(DATASET SECTION begins)

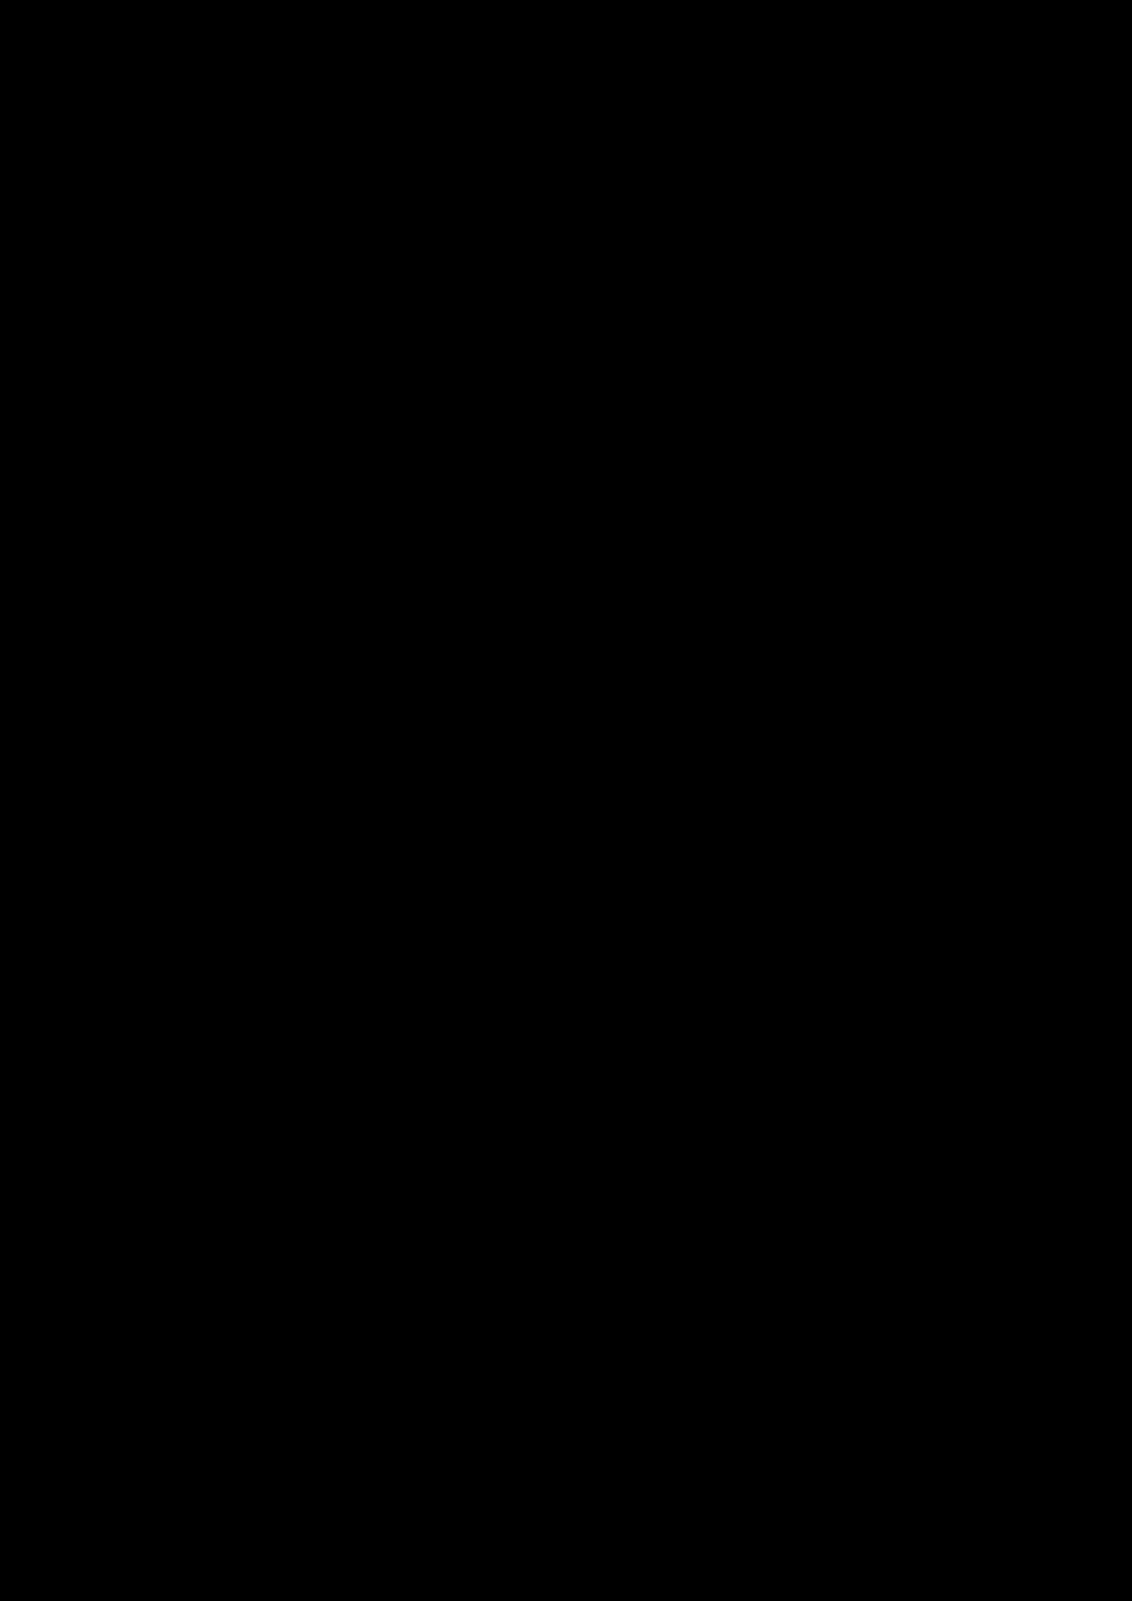 Korolevstvo slez slide, Image 40
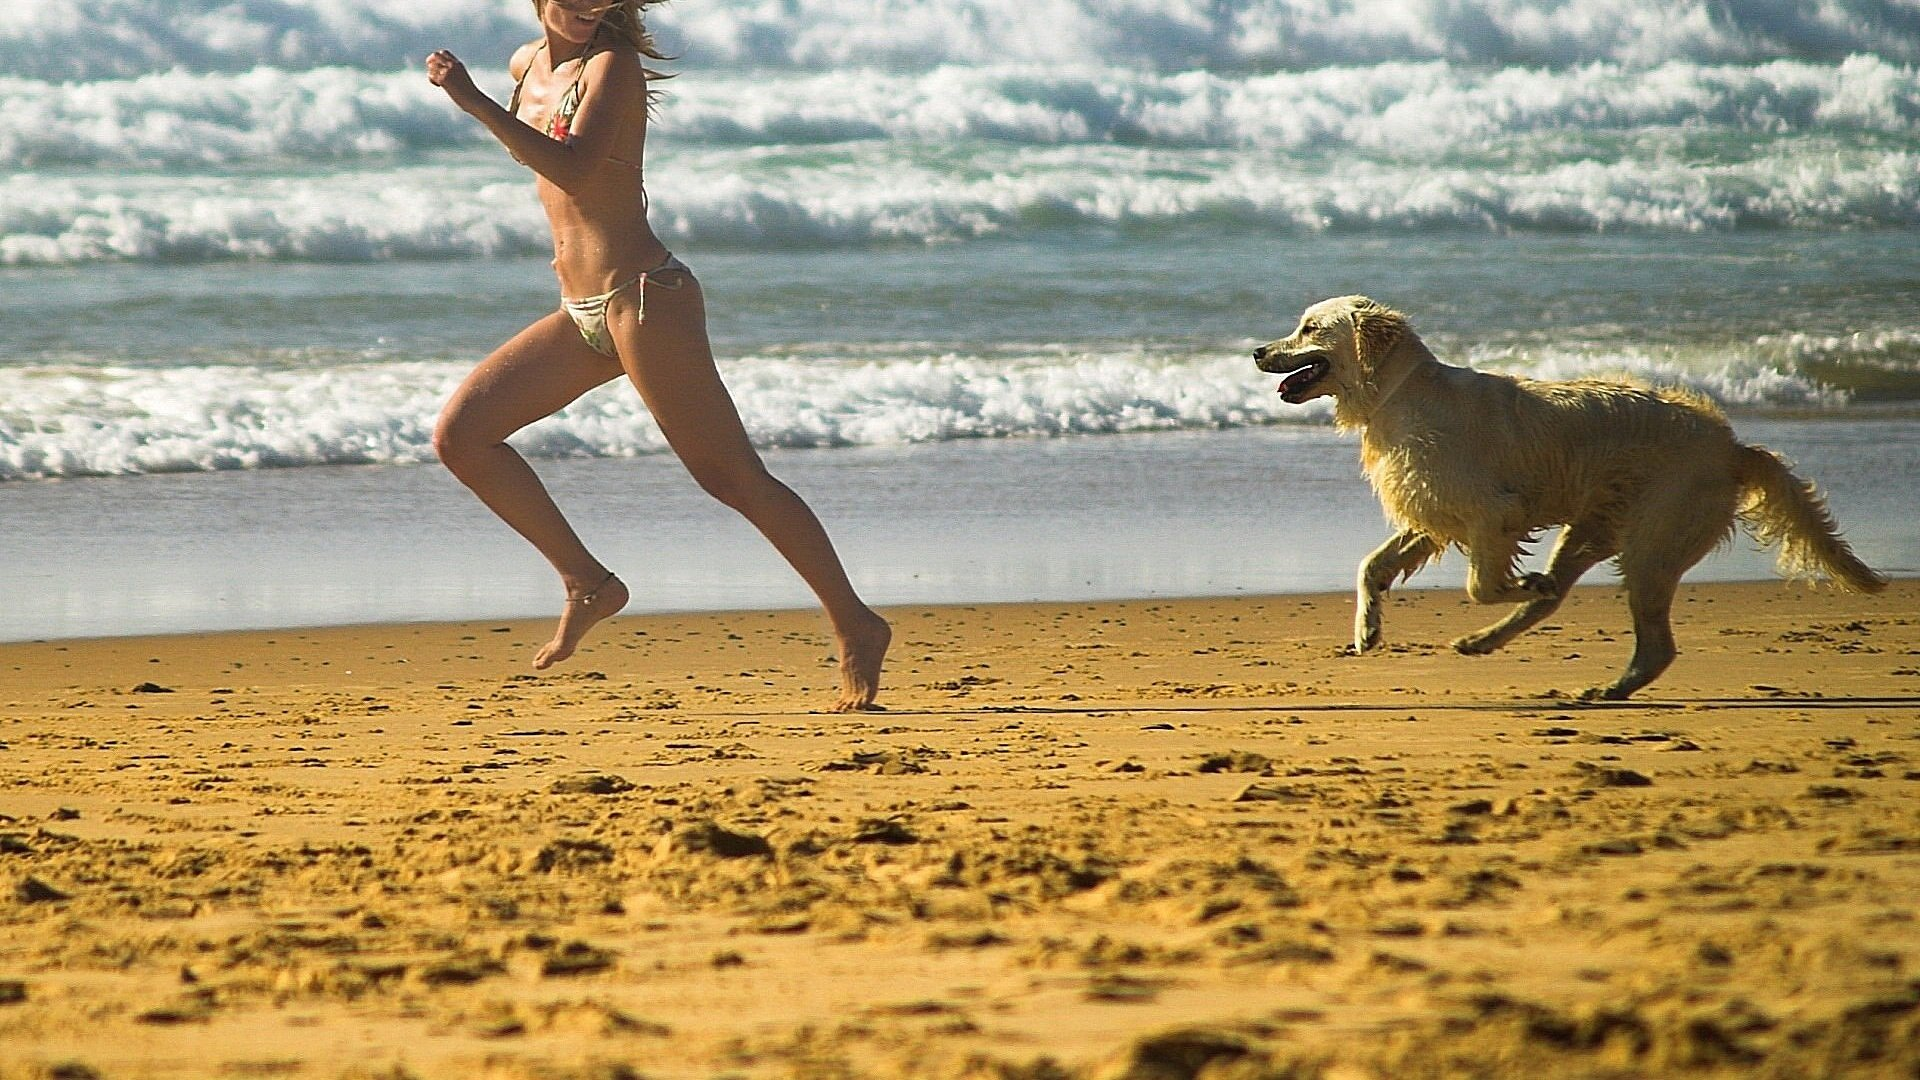 Flip flop hgtv christina nude
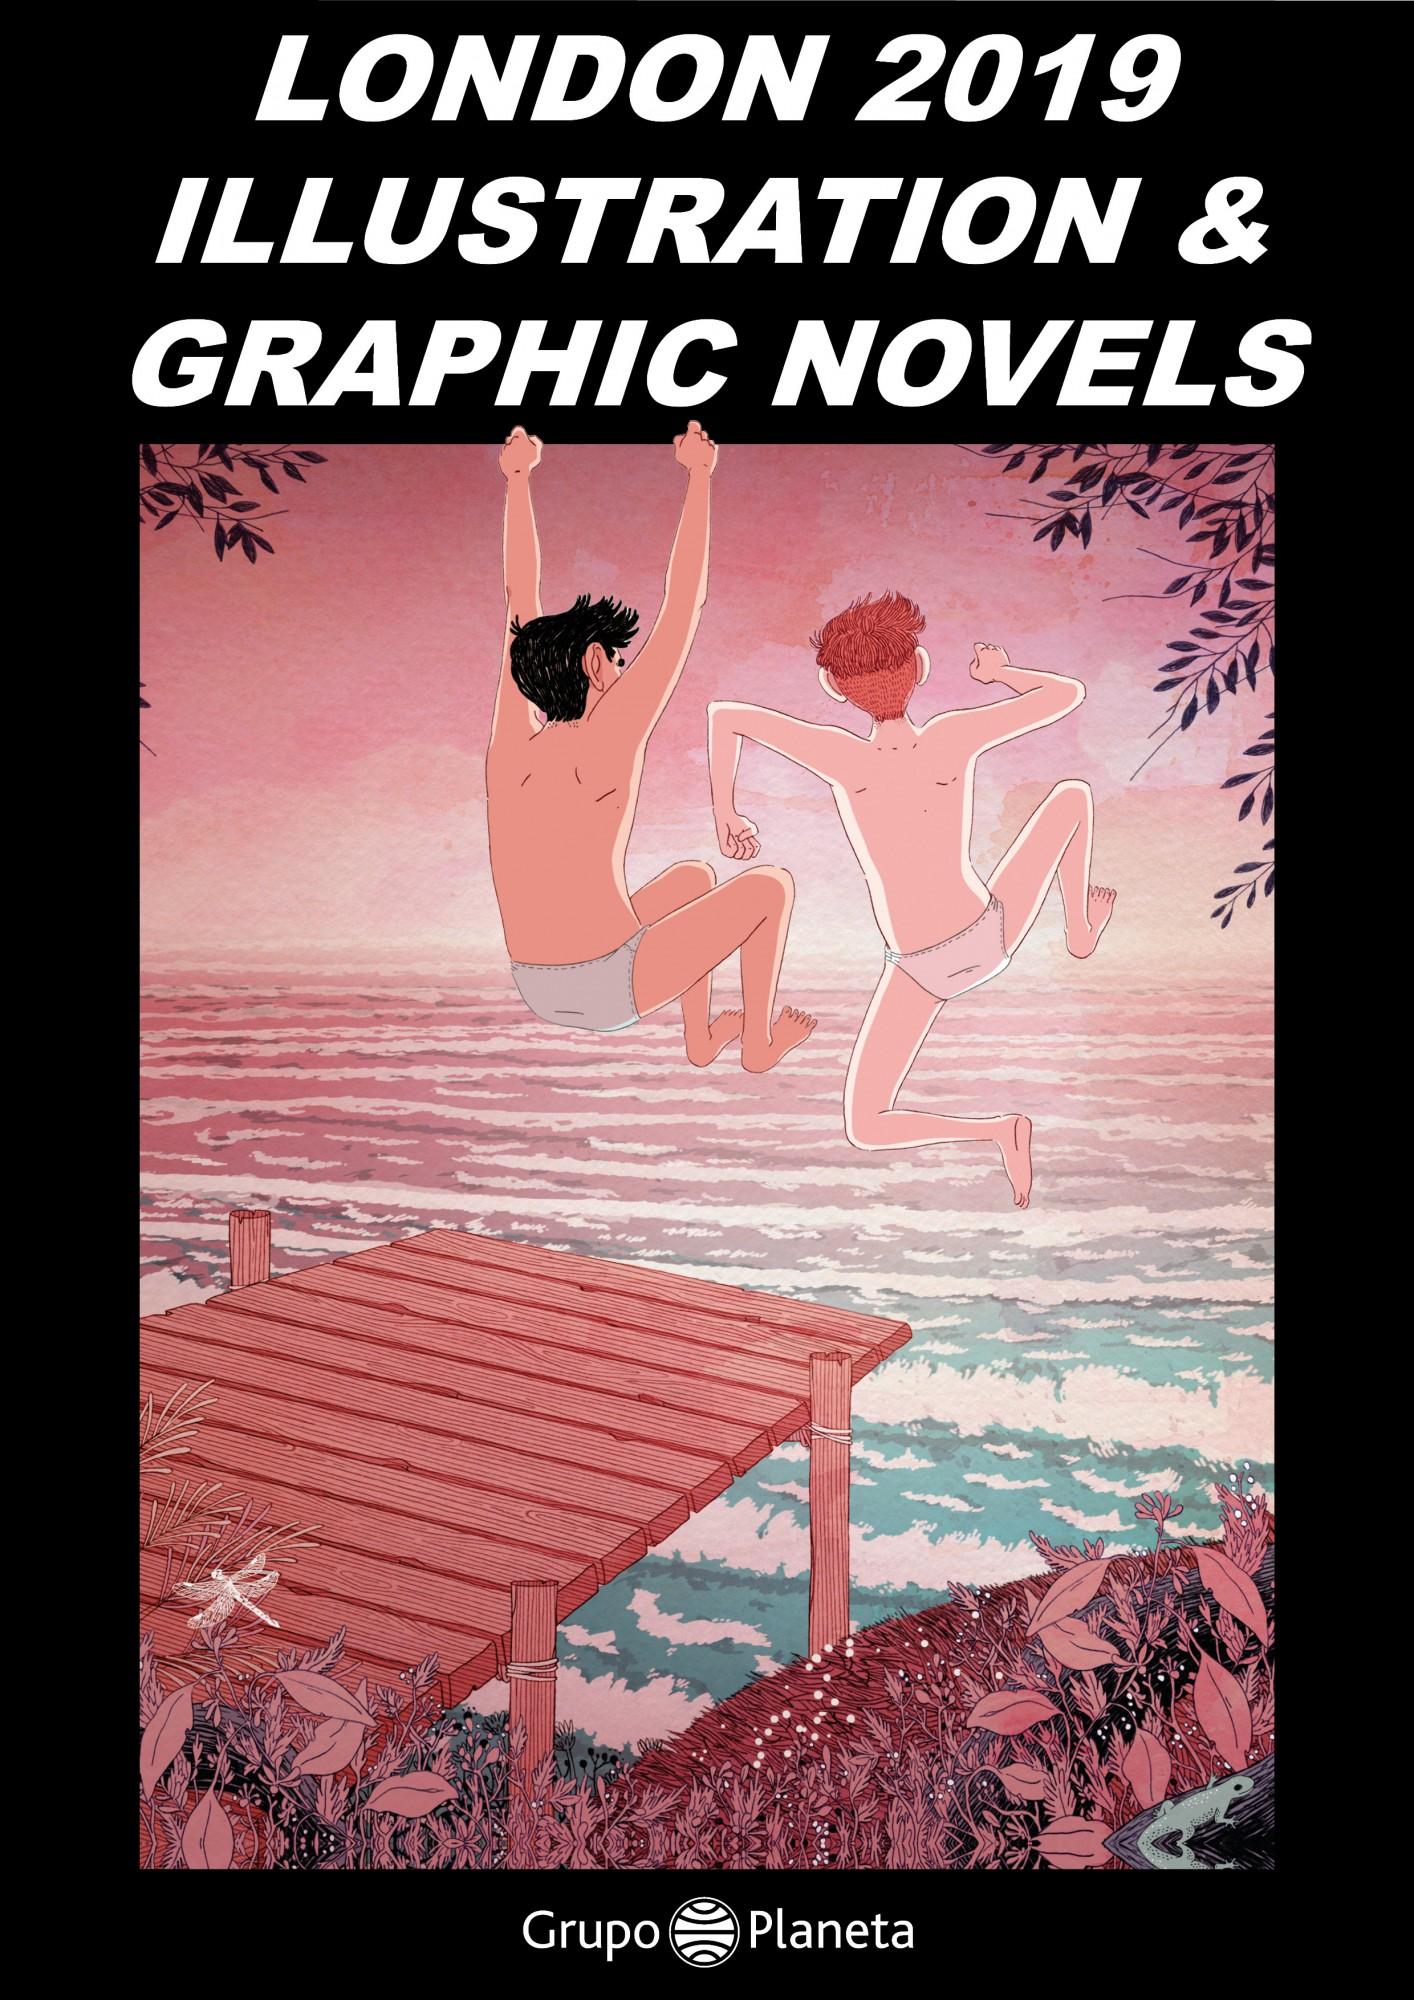 London 2019 Illustration & Graphic Novels
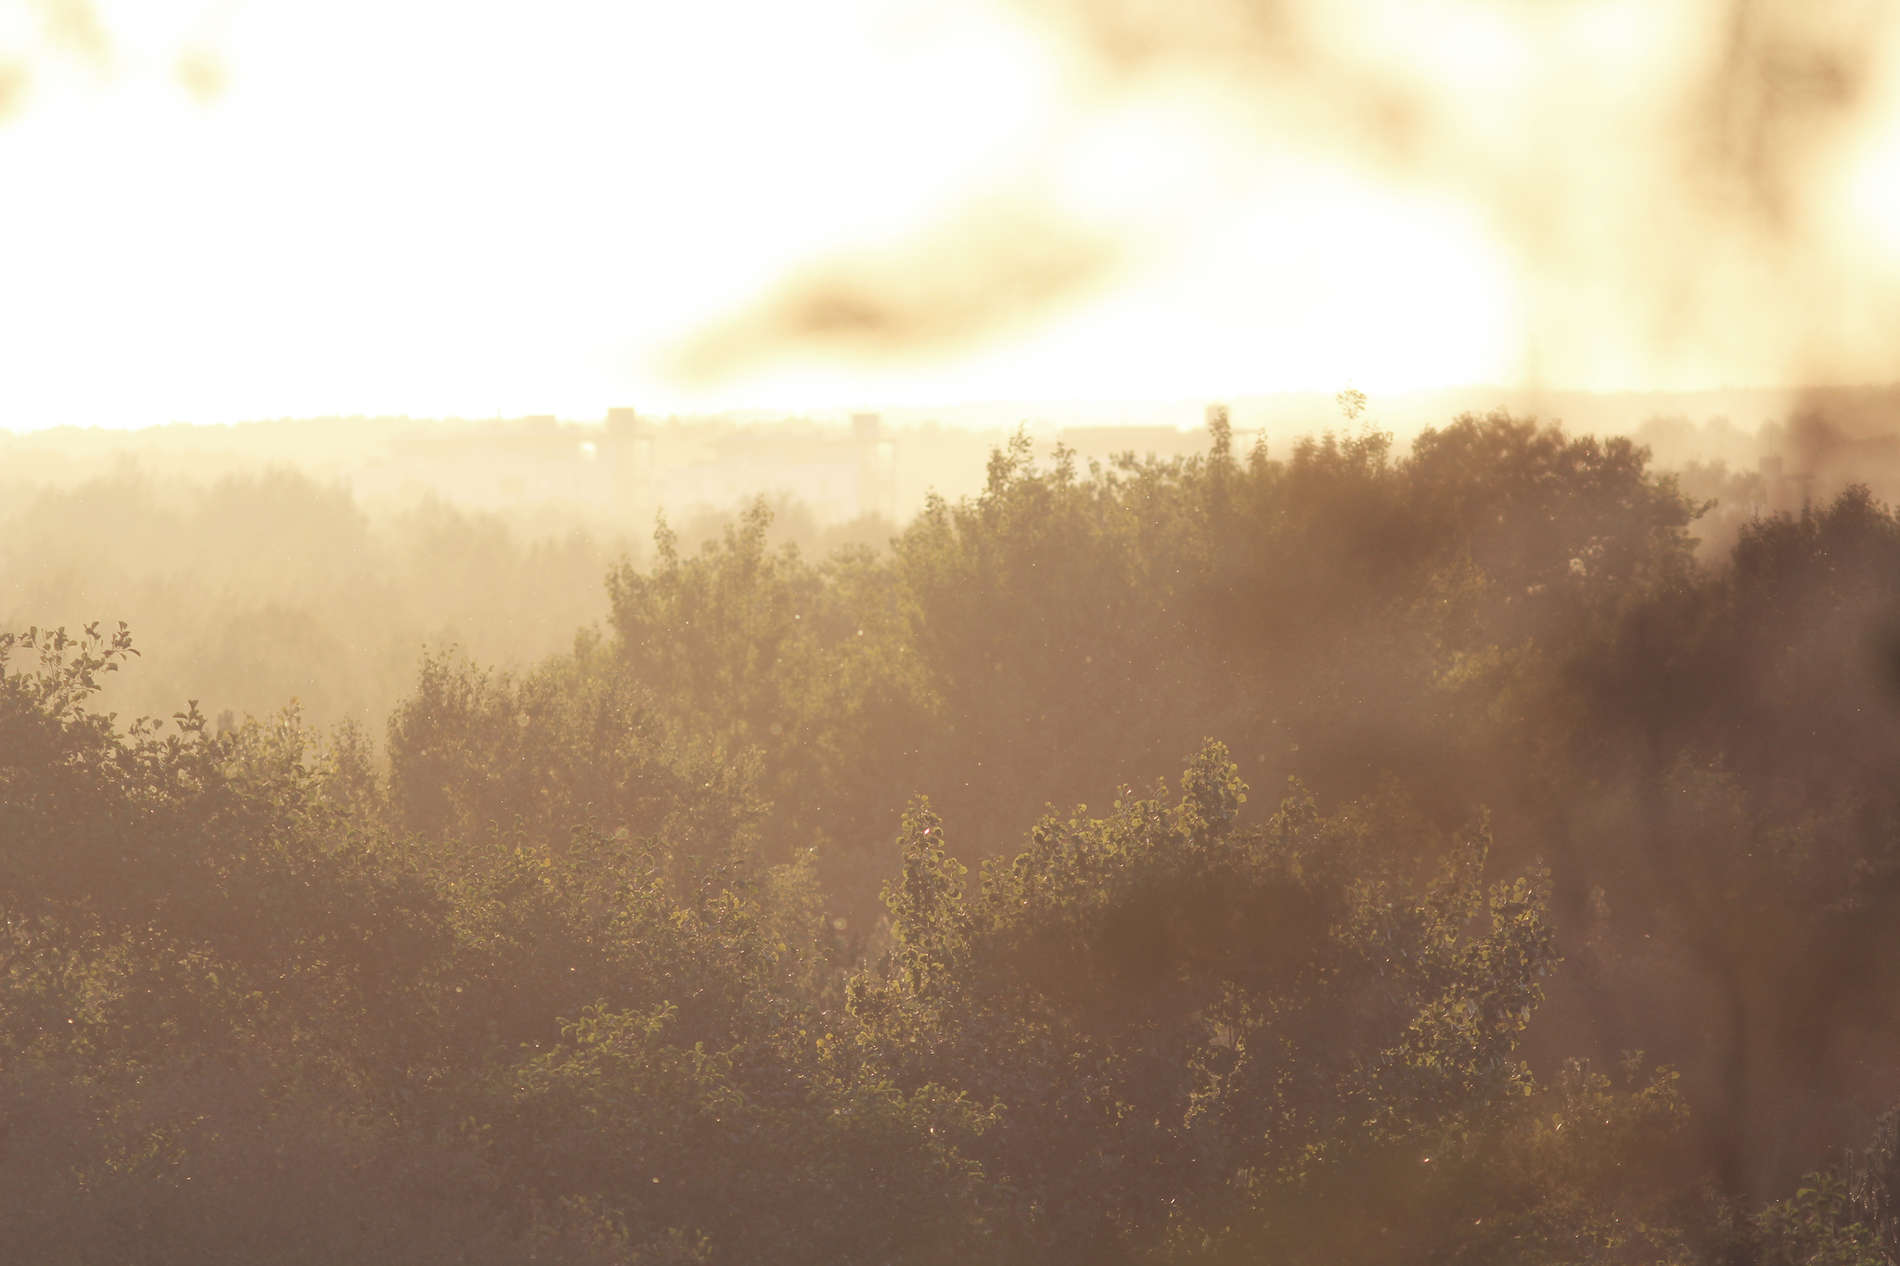 Nõmme-Mustamäe Nature Reserve

(DATASET SECTION ends)

▶ [EXERCISE AIM]:
Leave every picture out and set down exactly the lines running from the one with "Flip flop hgtv christina nude" to the last line of the material above.

▶ [RESULT OF THE TASK]:
 Flip flop hgtv christina nude
 London 2019 Illustration & Graphic Novels
 Nõmme-Mustamäe Nature Reserve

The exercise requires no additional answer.